How Platform Teams Build Reliable AI Agent Pipelines
For Platform engineering teams building internal AI developer tools · Based on Nick Nisi Harness Engineering for AI Agents
// TL;DR
Platform engineering teams building internal AI developer tools need agent pipelines that work reliably at scale without requiring human babysitting. Harness Engineering gives you a state-machine architecture with five agent stages (Implementer, Verifier, Reviewer, Closer, Retrospective), hard gates that prevent advancement without cryptographic evidence, and a retrospective memory loop that makes the system self-improving. Use it when your agents must autonomously handle issues, PRs, and deployments across your organization's repos without hallucinating completion.
Why do platform teams need Harness Engineering for AI agents?
Platform teams are responsible for internal developer tools that must work reliably across the entire organization. When you deploy an AI agent pipeline that autonomously handles GitHub issues, PRs, or deployment tasks, failures don't just affect one developer — they affect every team consuming your platform.
The core problem is trust. When an agent says "tests pass" or "bug fixed," can you trust that claim? Harness Engineering answers this with structural enforcement: the agent cannot advance through the pipeline without producing mechanically verifiable evidence. Your platform's reliability is no longer dependent on prompt compliance.
How do you architect a harness for multi-team, multi-repo environments?
Start with Nick Nisi's Case architecture: a TypeScript state machine orchestrating five agents with hard gates between each stage. For platform teams, the key architectural decisions are:
1. Per-repo memory files: Each repository gets its own markdown memory file maintained by the Retrospective Agent. When an agent works on repo X, only repo X's gotchas and lessons are loaded — never the entire organization's knowledge base. More context degrades performance.
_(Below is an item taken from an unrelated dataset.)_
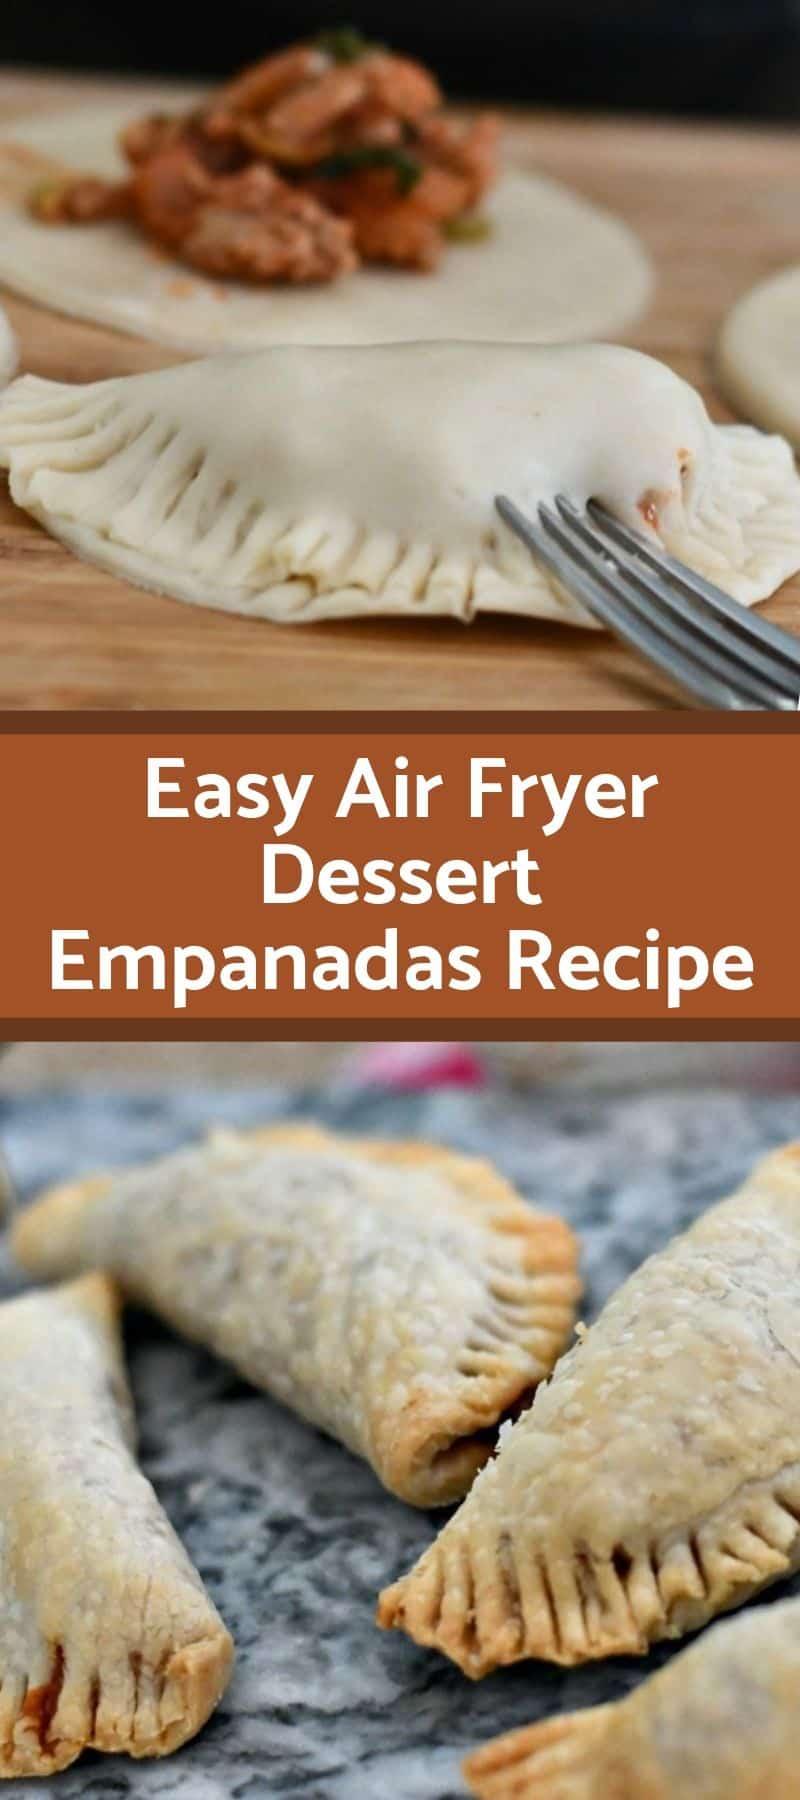 Easy Air Fryer Dessert Empanadas Recipe 3

2. Standardized evidence artifacts: Define org-wide evidence artifact standards. For backend services, require SHA-256 hashed test output. For frontend components, require Playwright before/after videos. For infrastructure changes, require diff verification against expected state. Standardization means every team's PRs arrive with proof attached.
3. Centralized eval suites: Build eval suites per repository and framework. Run them after any change to harness logic, skills, or gotchas. Nick Nisi demonstrated that 553 lines of targeted gotchas can outperform 10,000 lines of comprehensive docs — but only if you measure.
How do you prevent agents from hitting the same landmines across teams?
The Retrospective Memory Loop is your most powerful platform-level tool. After every agent run — success or failure — the Retrospective Agent reads the full JSONL execution transcript and updates per-project memory files with lessons learned.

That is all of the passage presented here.